I am trying to remove duplicate objects from an arraylist
see code below:
ArrayList<Customer> customers=new ArrayList<Customer>();
for(int i=0;i<accounts.size();i++){
customers.add(accounts.get(i).getCustomer());
}
for(int i=0;i<customers.size();i++){
for(int j=i+1;j<customers.size();j++){
if(customers.get(i).getSocialSecurityNo().compareTo(customers.get(j).getSocialSecurityNo())==0){
if(customers.get(i).getLastName().compareToIgnoreCase(customers.get(j).getLastName())==0){
if(customers.get(i).getFirstName().compareToIgnoreCase(customers.get(j).getFirstName())==0){
customers.remove(j);
}
}
}
}
}
However, it seems that the last object in the list is not being processed. Perhaps someone can pinpoint the error
Try adding j--; after removing an item. That will reindex for you and solve your issue.
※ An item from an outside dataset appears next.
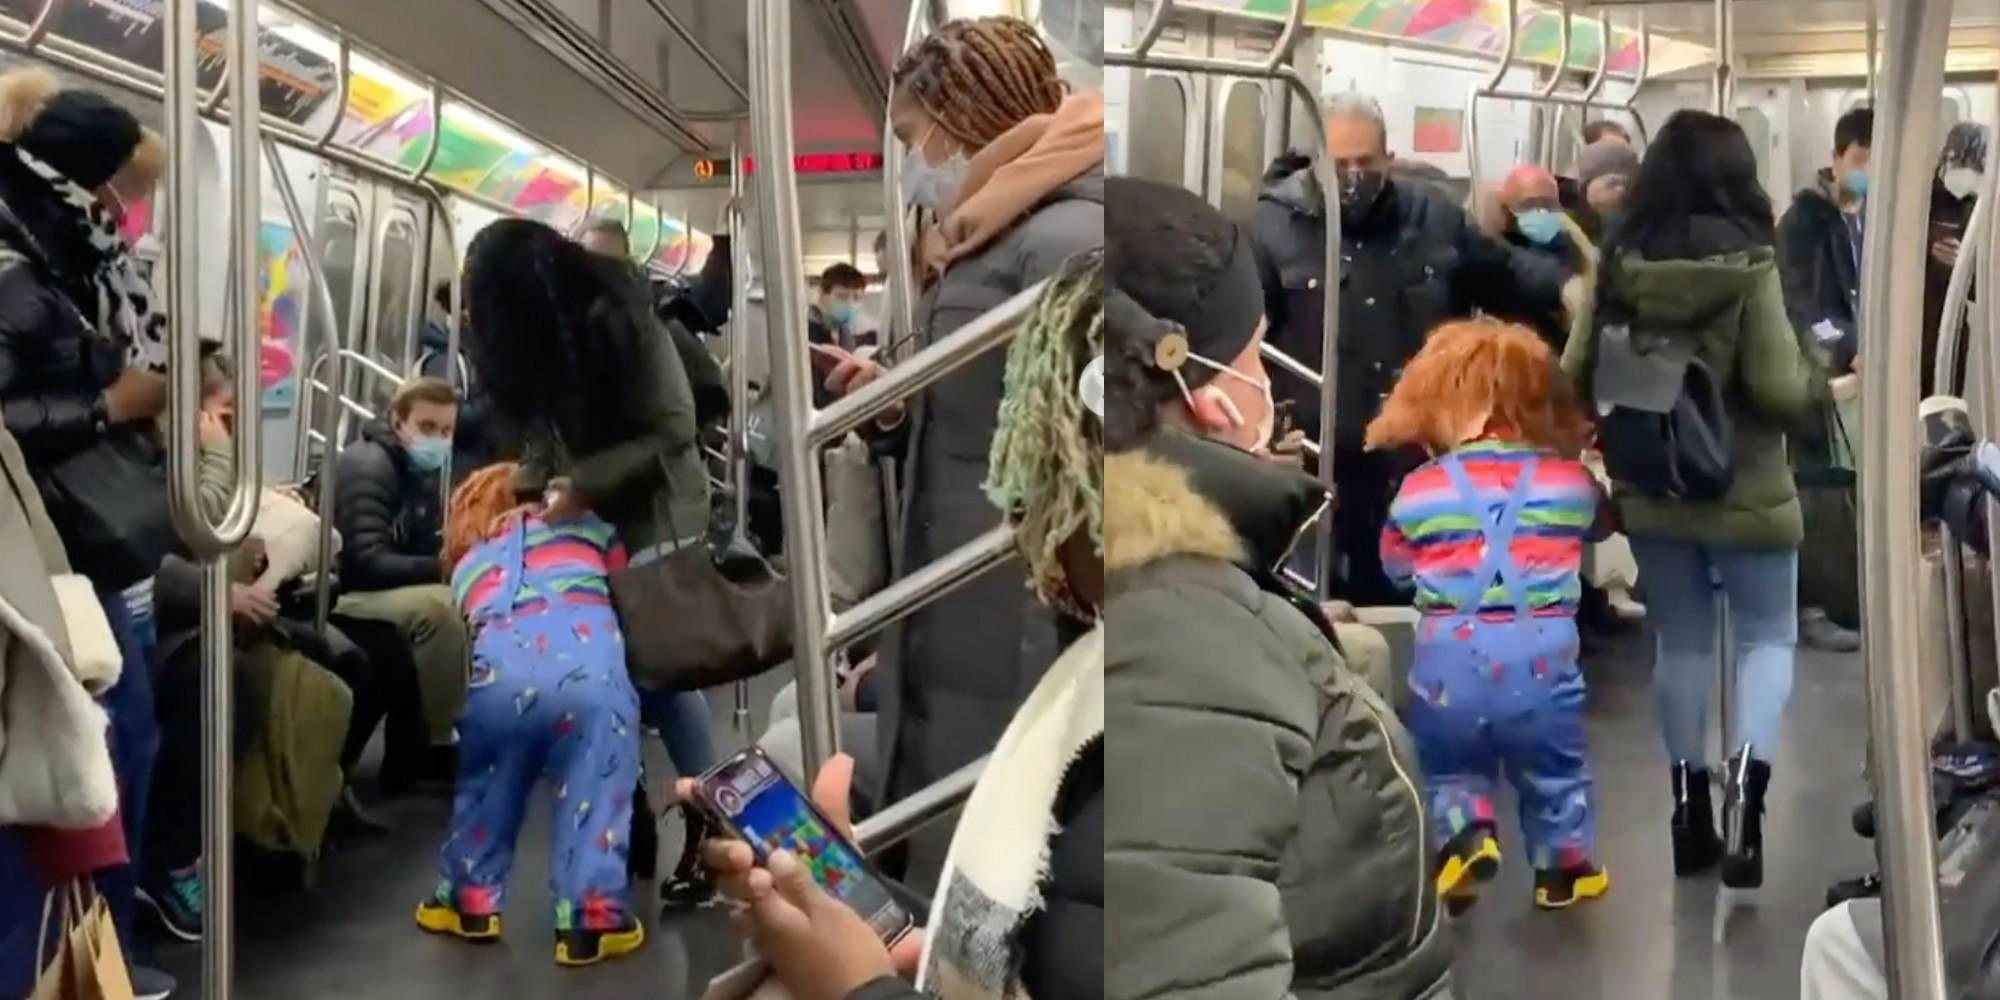 Video shows 'Chucky' attacking a mask-less woman on NYC subway
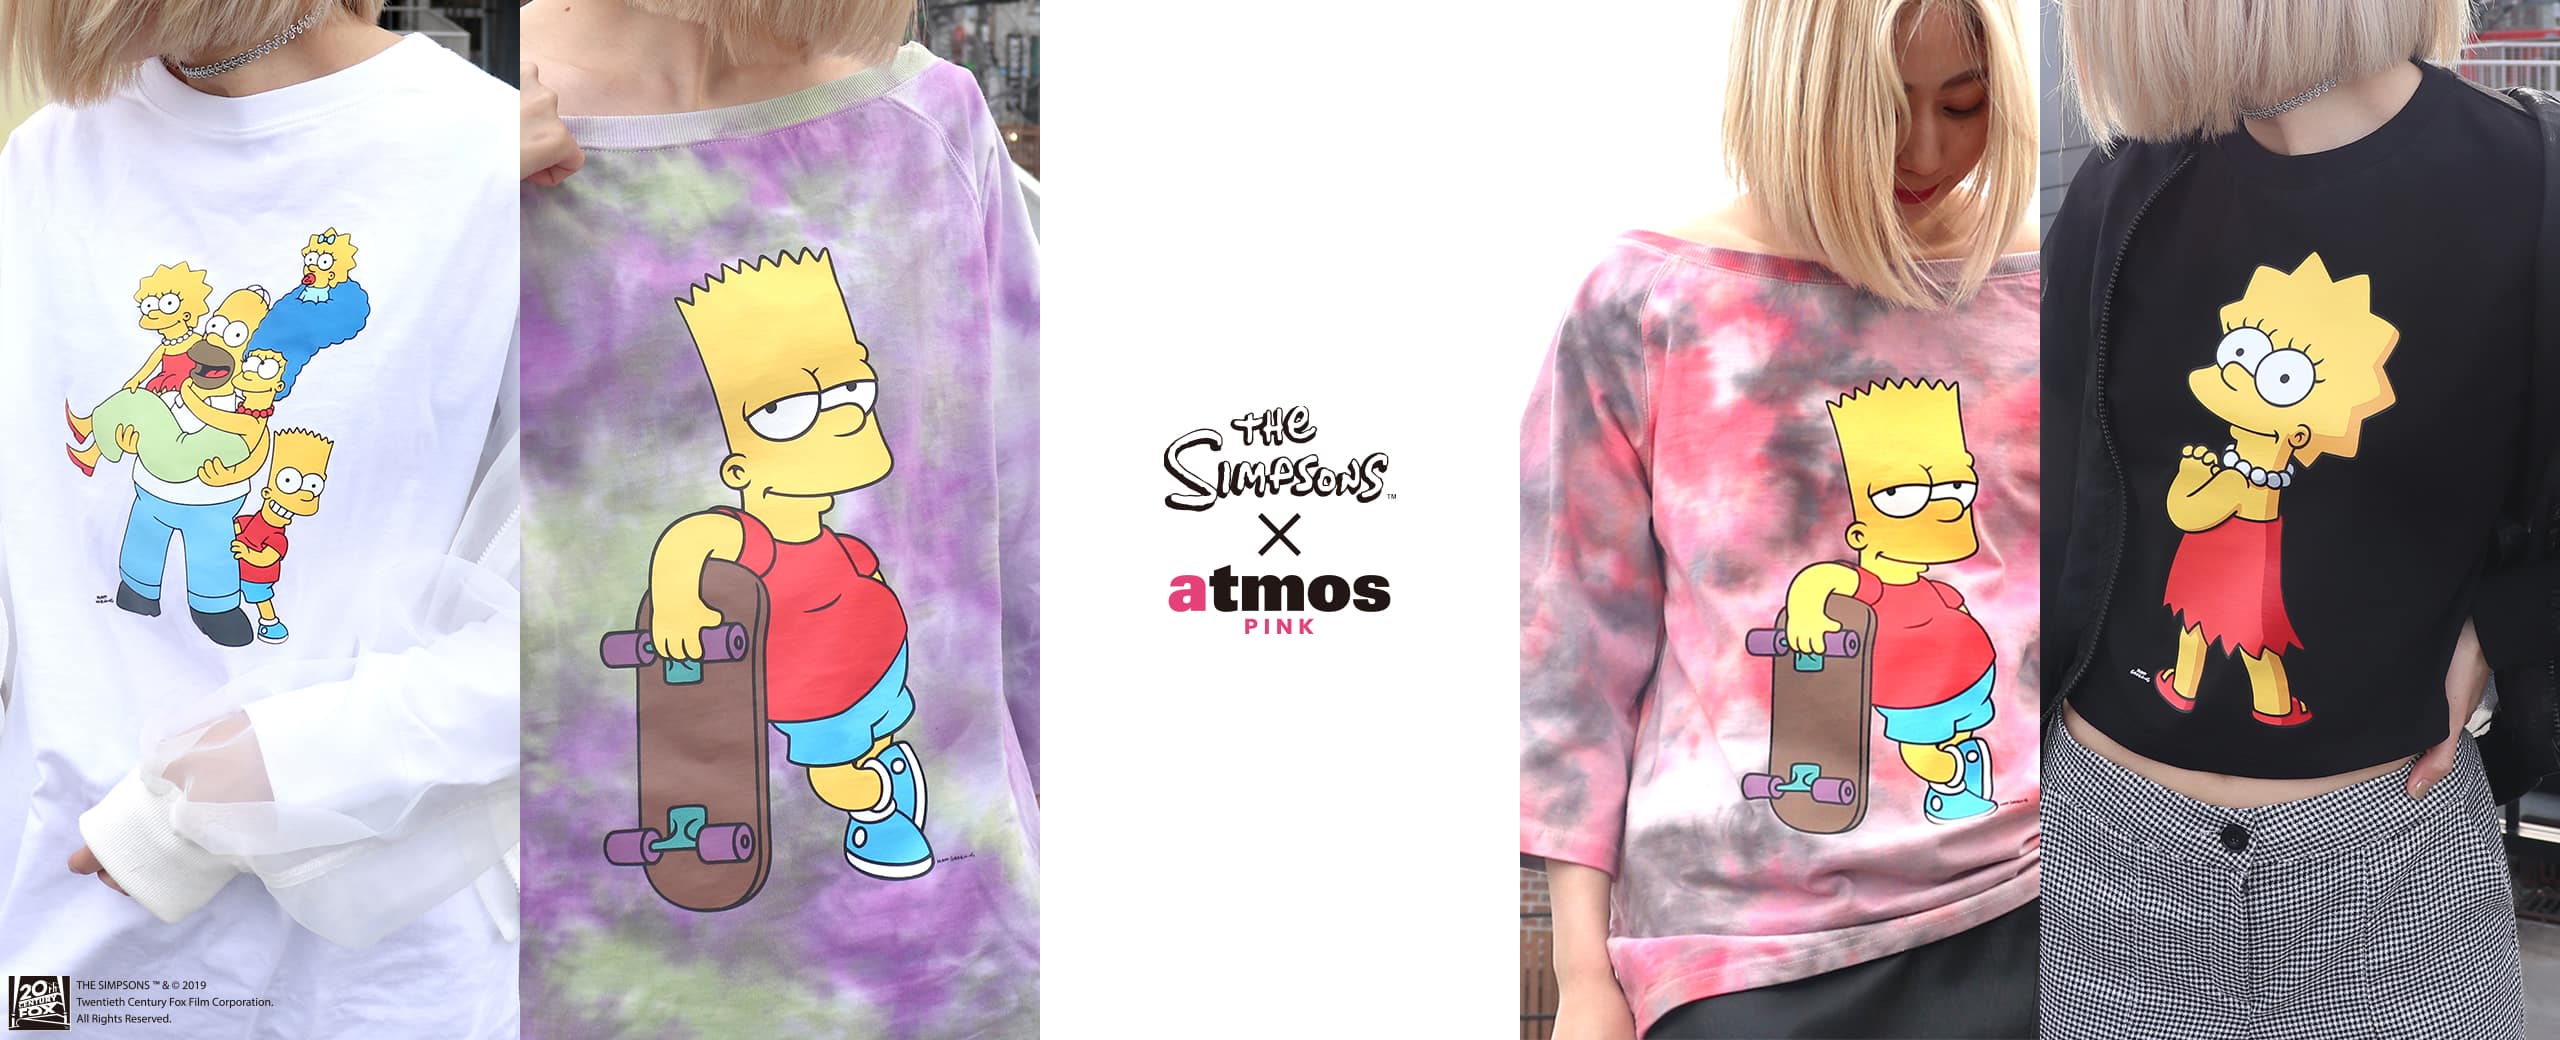 "The Simpsons × atmos pink"

The basic flaw is that since the ListArray is mutable, once you remove one element your indexes have to be readjusted.
if(customers.get(i).getFirstName().compareToIgnoreCase(customers.get(j).getFirstName())==0){
customers.remove(j--);
}
also try subtracting one from your i loop:
for(int i=0;i<customers.size()-1;i++){
for(int j=i+1;j<customers.size();j++){
public static void removeDuplicates(ArrayList list) {
HashSet set = new HashSet(list);
list.clear();
list.addAll(set);
}
override equals and hashcode appropriatley
custormers = new ArrayList(new HashSet(customers))
ensure the equals and hashmethod are correctly implemented
The code below worked for me. Give it a try. You can manipulate the compare method to suit your taste
ArrayList customers = .....;
Set customerlist = new TreeSet(new Comparator(){
#Override
public int compare(Customer c1, Customer c2) {
return c1.getSocialSecurityNo().compareTo(c2.getSocialSecurityNo());
}
});
customerlist.addAll(customers);
customers.clear();
customers.addAll(customerlist);
It's your int j=i+1 that causes trouble. You need to test with the last value of the customers list for each iteration.
Before you add them to the list in the above loop, why don't you check
if(!cutomers.contains(accounts.get(i).getCustomer())
{
//add them if it doesn't contain
}
It should save you from doing the second loop
Edit: Need to override the equals method.
So, about doing this right:
Your Customer objects should have an equals() and hashCode() method, which do the comparison. (Or you simply would have only one Customer object for each customer, which would mean your data model would have to be adjusted. Then the default hashCode/equals would do.)
If you have this, you can replace your three nested ifs with one:
if(customers.get(i).equals(customers.get(j)) {
customers.remove(j);
}
This would not yet solve your problem, but make it easier to have a clearer look on it. If
you look at which objects are compared to which others, you will see that after each removal
of an object from the list, the next one has the same index as the one which you just removed,
and you will not compare the current object to it. As said, j-- after the removal will solve this.
A more performant solution would be using a Set (which is guaranteed not to contain duplicates).
In your case, a HashSet<Customer> or LinkedHashSet<Customer> (if you care about the order)
will do fine.
Then your whole code comes down to this:
Set<Customer> customerSet = new HashSet<Customer>();
for(Account acc : accounts){
customerSet.add(acc.getCustomer());
}
List<Customer> customers = new ArrayList<Customer>(customerSet);
If you don't really need a list (i.e. indexed access), ommit the last line and simply
use the set instead.
My first thought was to use Sets, as others have mentioned. Another approach would be to use Java's version of the foreach, instead of using indexes. A general approach:
public static ArrayList removeDuplicates(ArrayList origList) {
ArrayList newList = new ArrayList();
for (Object m : origList) {
if (!newList.contains(m)) {
newList.add(m);
}
}
return newList;
}
In testing, I just used Strings; I'd recommend inserting Customer into the code where appropriate for type safety.